Giovedì scorso, Papa Bergoglio è andato in visita privata al carcere di Civitavecchia, celebrando il tradizionale rito della “lavanda dei piedi”. Il Pontefice, alla presenza anche del ministro della Giustizia Marta Cartabia, durante la liturgia ha riservato questa particolare attenzione a 12 detenuti, uomini e donne, tra cui persone di età diversa e di diversa nazionalità. Dopodiché ha intrattenuto i presenti con una predica, particolarmente elogiata dal Tg3 delle 12, contenente i suoi principali cavalli di battaglia sul piano della moralità sociale, per così dire: l’anticapitalismo, l’avversione alla umana ricerca del proprio interesse e il pauperismo cristiano, di evidente ispirazione francescana.
“Tutti i Giovedì Santo leggiamo questo brano del Vangelo: è una cosa semplice – ha esordito il Papa. Gesù, con i suoi amici, i suoi discepoli è a cena la cena della Pasqua; Gesù che lava i piedi ai suoi discepoli – cosa strana quella che ha fatto: a quel tempo i piedi li lavavano gli schiavi all’entrata della casa. E poi, Gesù – con un gesto che anche tocca il cuore – lava i piedi al traditore, quello che lo vende. Così è Gesù e ci insegna questo, semplicemente: fra voi, dovete lavare i piedi. È il simbolo: tra voi, dovete servirvi; uno serve l’altro, senza interessi”. “Che bello sarebbe – ha poi aggiunto – se questo fosse possibile farlo tutti i giorni e a tutta la gente: ma sempre c’è l’interesse, che è come una serpe che entra. E noi ci scandalizziamo quando diciamo: ‘Sono andato a quell’ufficio pubblico, mi hanno fatto pagare una mancia’. Questo fa male, perché non è buono. E noi, tante volte, nella vita cerchiamo il nostro interesse, come se noi facessimo pagare una mancia tra noi. È importante invece fare tutto senza interesse: uno serve l’altro, uno è fratello dell’altro, uno fa crescere l’altro, uno corregge l’altro, e così bisogna fare andare avanti le cose. Servire!”

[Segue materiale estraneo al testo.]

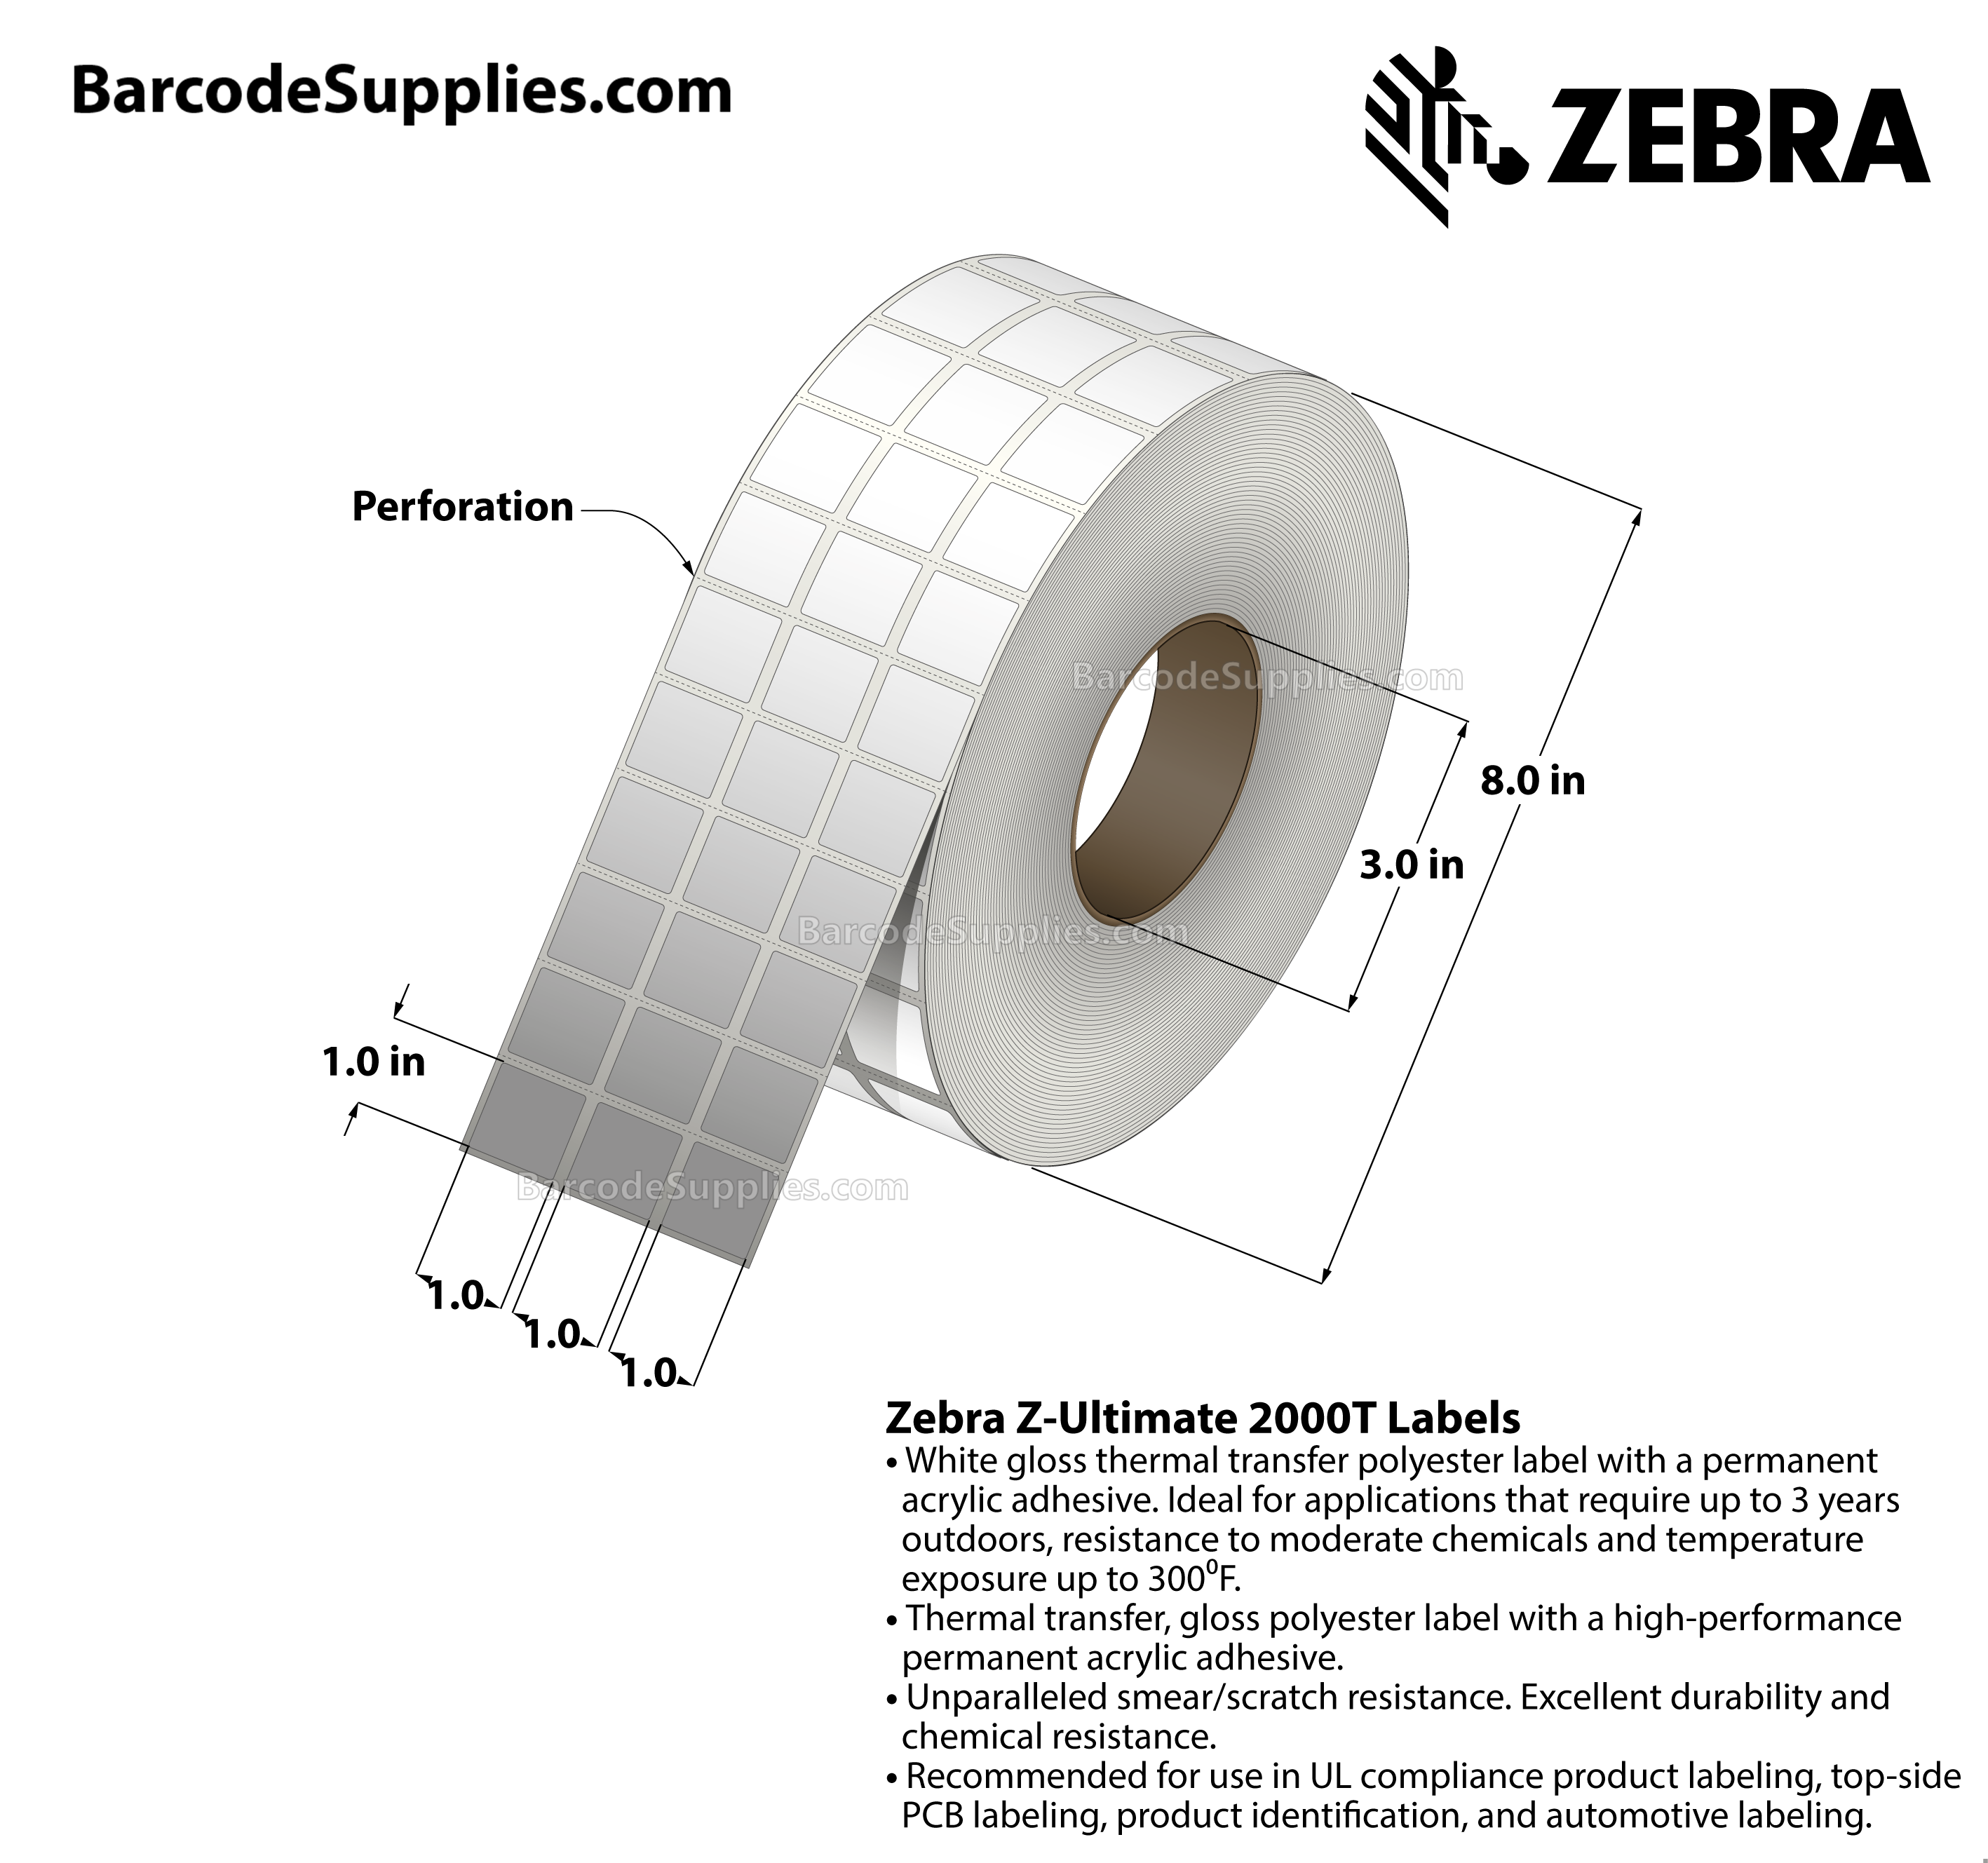 1 x 1 Thermal Transfer White Z-Ultimate 2000T (3-Across) Labels With Permanent Adhesive - Perforated - 16455 Labels Per Roll - Carton Of 4 Rolls - 65820 Labels Total - MPN: 10011977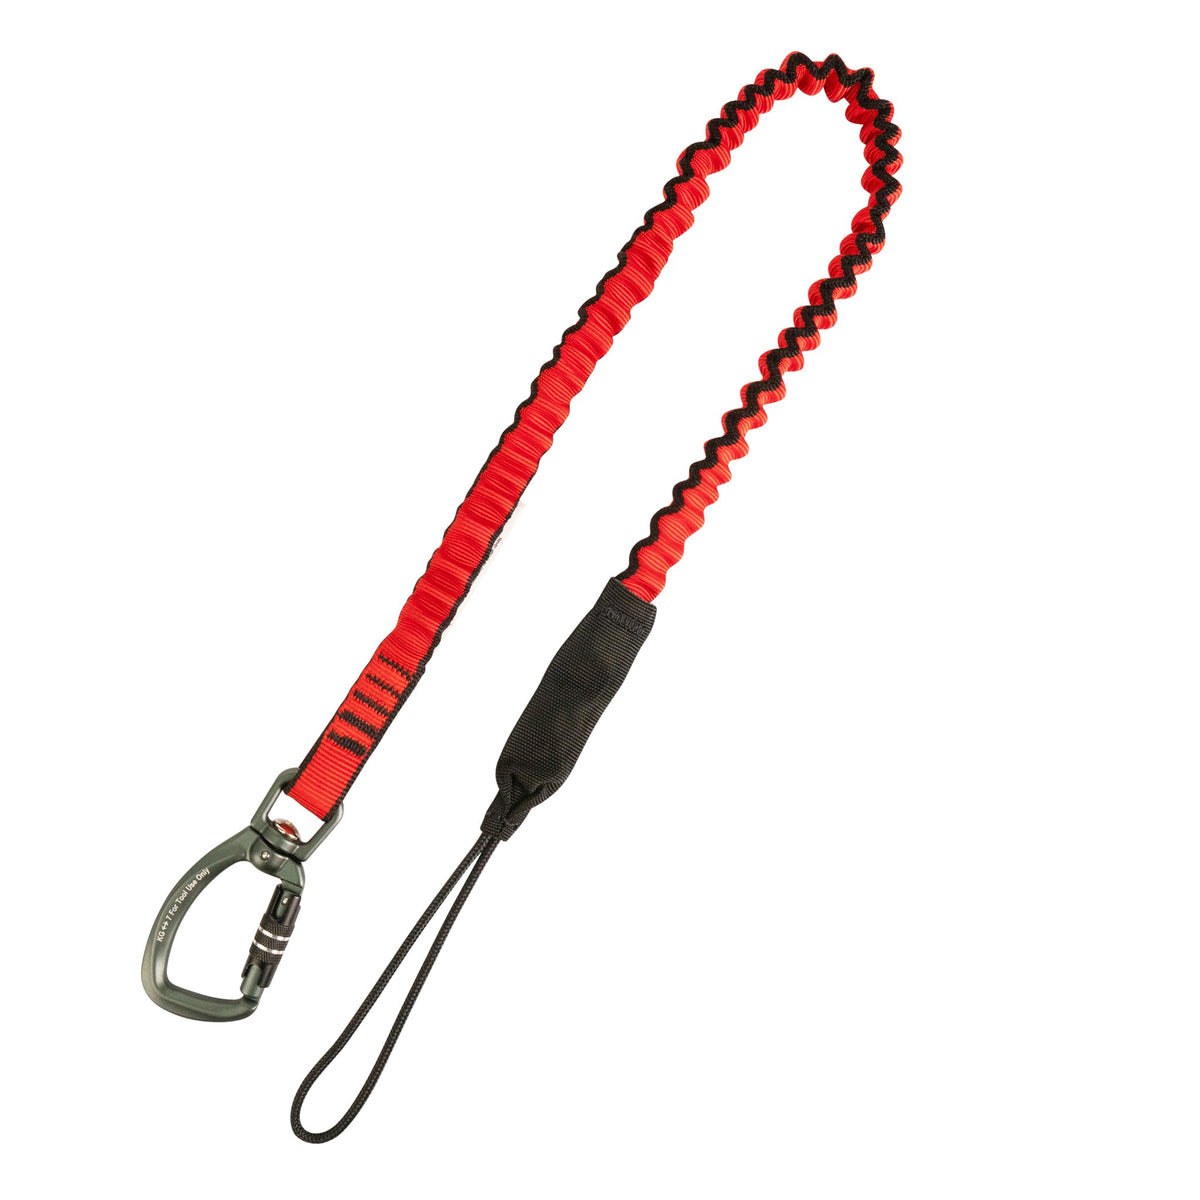 Bungee Tether Dual-Action Swivel Carabiner - 7kg / 15lb (Each / 10 Pack)

Ecco, in questo breve discorsetto si scorge l’essenza dell’utopia collettivista, in qualunque declinazione la si voglia intendere. Una utopia con cui si demonizza ciò che alcuni decenni orsono veniva definita, soprattutto dai radical chic di sinistra con l’attico ai Parioli, la “nefanda” logica del profitto. In tal senso sarebbe il caso che qualcuno facesse osservare al buon Bergoglio, il quale umanamente mi ha sempre ispirato grande simpatia, che i sistemi politici che hanno realmente messo in pratica i suoi auspici, grondano ancora sangue, avendo creato solo enorme povertà e sofferenza ai popoli a cui avevano promesso l’Eldorado socialista.
Tutto questo, così come ancora oggi sottolinea il Capo della Chiesa Cattolica, nell’insensato tentativo di confutare la logica fondamentale che ha permesso all’uomo moderno di raggiungere elevatissimi livelli di benessere diffuso: la libera facoltà, entro una cornice di regole, di perseguire il proprio legittimo interesse. Potremmo definire questo finora insuperato principio “la legge di Adam Smith”, il grande filosofo liberale che, a caratteri d’oro, scrisse una frase che racchiude l’essenza ultima della “Ricchezza delle nazioni”: “Non è certo dalla benevolenza del macellaio, del birraio o del fornaio che ci aspettiamo il nostro pranzo, ma dal fatto che essi hanno cura del proprio interesse.”
Anche perché, se nessuno ha interesse a progredire economicamente, seguendo in tutto e per tutto il richiamo francescano ad una esistenza estremamente frugale, le eventuali risorse da destinare a chi ha veramente bisogno, secondo un modello di avanzato sistema liberale, non esisteranno mai.
Certo è che rispetto ad alcuni Pontefici del recente passato, tra cui quel Sant’Uomo di Giovanni XXIII, coi suoi celebri richiami a “tutti gli uomini di buona volontà”, molta acqua sembra passata sotto i ponti del Vaticano dalla fine della “guerra fredda”. La vecchia contrapposizione, arrivata fino ai giorni nostri, tra Peppone e don Camillo, simbolica allegoria politica in salsa popolare creata dal grande Guareschi, sembra essere del tutto tramontata con il “Papa venuto dalla fine del mondo.”